▸ **REQUIRED ACTION**: The required output is the line that contains "Horse in Snowstorm" through the last line of the data, retyped verbatim and with nothing added.

Stored entries
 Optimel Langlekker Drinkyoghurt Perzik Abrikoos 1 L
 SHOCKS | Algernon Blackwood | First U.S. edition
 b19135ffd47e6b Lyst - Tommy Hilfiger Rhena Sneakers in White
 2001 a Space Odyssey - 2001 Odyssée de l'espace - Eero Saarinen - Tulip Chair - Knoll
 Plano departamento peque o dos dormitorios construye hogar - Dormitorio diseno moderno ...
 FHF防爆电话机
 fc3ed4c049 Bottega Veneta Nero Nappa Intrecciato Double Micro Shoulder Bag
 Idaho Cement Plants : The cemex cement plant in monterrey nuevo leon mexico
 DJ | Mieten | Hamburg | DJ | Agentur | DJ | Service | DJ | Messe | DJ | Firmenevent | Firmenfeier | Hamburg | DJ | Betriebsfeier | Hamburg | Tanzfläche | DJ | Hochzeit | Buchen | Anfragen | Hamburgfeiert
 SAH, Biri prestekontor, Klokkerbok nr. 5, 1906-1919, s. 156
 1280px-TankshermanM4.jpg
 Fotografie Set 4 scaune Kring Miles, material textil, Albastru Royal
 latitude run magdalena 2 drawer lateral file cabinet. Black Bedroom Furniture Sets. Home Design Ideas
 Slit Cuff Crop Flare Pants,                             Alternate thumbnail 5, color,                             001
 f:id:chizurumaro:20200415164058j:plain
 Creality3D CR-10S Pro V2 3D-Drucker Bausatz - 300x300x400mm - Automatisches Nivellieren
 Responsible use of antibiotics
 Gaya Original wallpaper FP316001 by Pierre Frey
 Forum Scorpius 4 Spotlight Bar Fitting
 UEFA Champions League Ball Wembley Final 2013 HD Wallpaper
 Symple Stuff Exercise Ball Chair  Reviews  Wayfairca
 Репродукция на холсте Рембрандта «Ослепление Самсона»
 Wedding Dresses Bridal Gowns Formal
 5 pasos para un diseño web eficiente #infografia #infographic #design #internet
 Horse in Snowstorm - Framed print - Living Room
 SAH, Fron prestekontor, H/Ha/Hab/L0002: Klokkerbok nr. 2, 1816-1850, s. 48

▸ **EXERCISE ANSWER**:
 Horse in Snowstorm - Framed print - Living Room
 SAH, Fron prestekontor, H/Ha/Hab/L0002: Klokkerbok nr. 2, 1816-1850, s. 48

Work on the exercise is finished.